Pass One


Sunday morning. We've planned an 0800 departure, and get away at exactly 0800...GMT, that is, 0900 Roma time. We have had a great time with Cate, Marco and their kids, but are reminded of the Czech proverb; "Visitors are like fish, after two days they start to smell".
Quickly out of Roma, onto the GRA and thence the A1 North via Firenze, Bologna, Milano. Relatively quiet Sunday traffic, good roads, we blast along, aspiring for 90 - 95 MPH I am inevitably drawn over the magic "ton" for the sheer naughtiness of doing it. There's a school of thought to the effect that the fuel economies of 75MPH are worth being patient for, and that's probably true. However, it fails to consider the Italian school of tolls. €29.50 each for the 600km Roma - Milan. Consider that €33 will fill both bikes, and suddenly fuel consumption is a minor issue.
As a transit day, the weather has been ideal. Low cloud blots out the sun, making it cool enough for pleasnat riding. Visibility is about 5km, and the forcast rain almost leaves us alone, except for some drizzle near Milano.
North of Milano the cloud drops lower. We pass Lake Maggiore, but can only see the nearer parts. The rest vanishes into the soup. GPS delivered us to Domosomosola or something like it, the last town in Italy. The Alps are a different map set, to be loaded tomorrow. In the traffic we'd become separated by a few car lengths, so I arrived at the Swiss border first. The car ahead of me was waved through, the guard glanced at me waved me through and turned his back on me. Perhaps he saw the UK plate as I passed, but for whatever reason, he gave Og the third degree.
Being now in Switzerland we're already on the first big name pass; the Simplon. We've already ridden alpine passes in Sweden, Greece and Italy, but this is the first certified biggie. It's damp, the road surface is wet, but good. Traffic and commonsense mean a cautious climb. Lots of hairpins, several tunnels and as we get higher the fog thickens until we cross the actual pass without realising until too late. So we stop and return for a photo. Visibility was barely 100m.
Dropping down towards Brig things cleared quickly, and were much drier. 9.5% descent for some silly distance, most of it through "galleries", a sort of half tunnel that has the low side open, supported by pillars. Very speccy, but there's not much opportunity for a photo stop. Swiss weather is looking better than on the Italian side, too.
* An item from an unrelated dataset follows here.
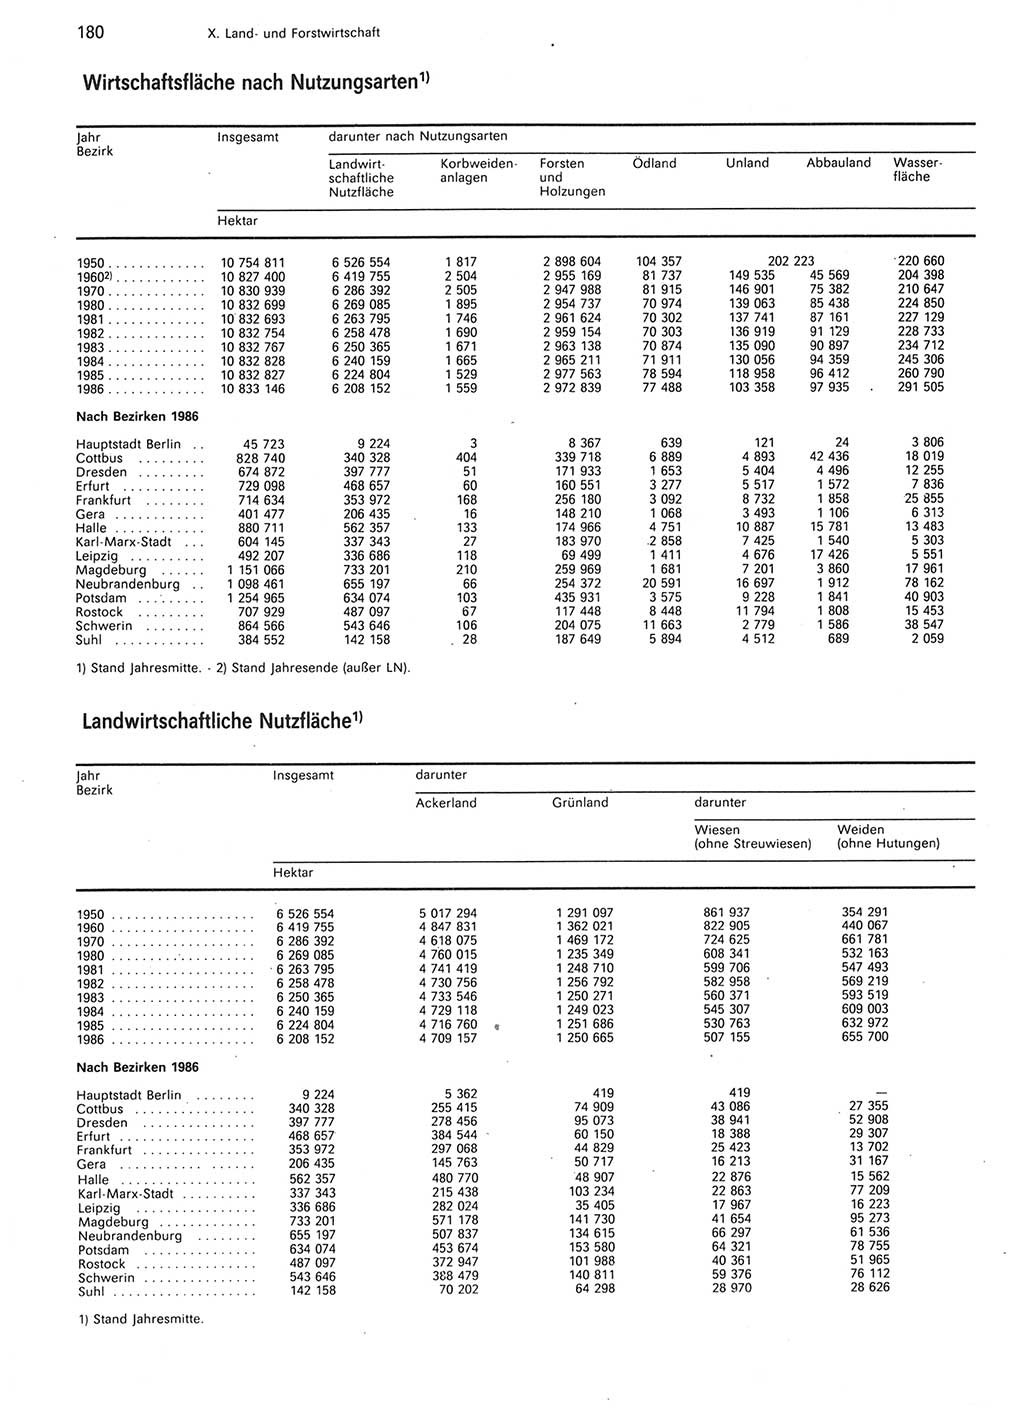 Statistisches Jahrbuch der Deutschen Demokratischen Republik (DDR) 1987, Seite 180 (Stat. Jb. DDR 1987, S. 180)

We turn right at Brig, heading for Glietsch, which is the common connection of the Furka, Grimsel, and Neurfen passes. I've misread the map and think it's only 19km (it's really 55) so start harbouring thoughts of a lap of the Furka/Grimsel before it gets dark. The road is narrow, winding along the valley floor through village after village. Quite slow, and the nearer we get to Glietsch, the wetter it gets. In Glietsch it's misting rain, so we decide to stop. There's not much in Glietsch, a grand hotel and a road junction. The hotel looks deserted, but there are lights on. As I'm about to go in, Og points out a stone building in the distance, halfway up the Furka pass, and says " Now that would be a cool place to stay, but I bet it's only a restaurant". So I go into the hotel, a Marie Celeste experience. Eventually I find a living soul who dissappears to consult and returns to advise that the hotel is closed tonight. She recommends "The Belvedere", and indicates up the Furka pass.
I report to Og, who notes some little orange figures way up on the roadway and tells me of the huge crashing crunching noise he just heard, sounding, he thinks, like a rock fall.
We head off up the famous Furka pass. We find the little orange vest clad figures directing traffic around a rock fall. Only about half a dozen rocks, but rocks of a size that one on it's own would ruin your day completely.
Og's dream is realised. The Belvedere is built in a hairpin on the Furka pass. Stone, quaint, imposing, 95 Swiss francs per person per night, and the only show open for miles around. Two single rooms, so at least they have two bathrooms to clean!
The hotel is old, with the look of an Agatha Christie novel; wide, creaking stairways, long hallways, an open fire in the sitting room. The rooms are small, but have stunning outlooks in the fading light. Hopefully the camera caught it. We head for the bar, but there isn't one. We're ushered into the dining room, which is built into the hairpin, rounded, with picture windows so that you can peer down onto passing cars. Some beer, some food, some amusement supplied by the Americans, then to sleep to the sound of running water falling off the Rhone Glacier. Which just happens to be 100m away.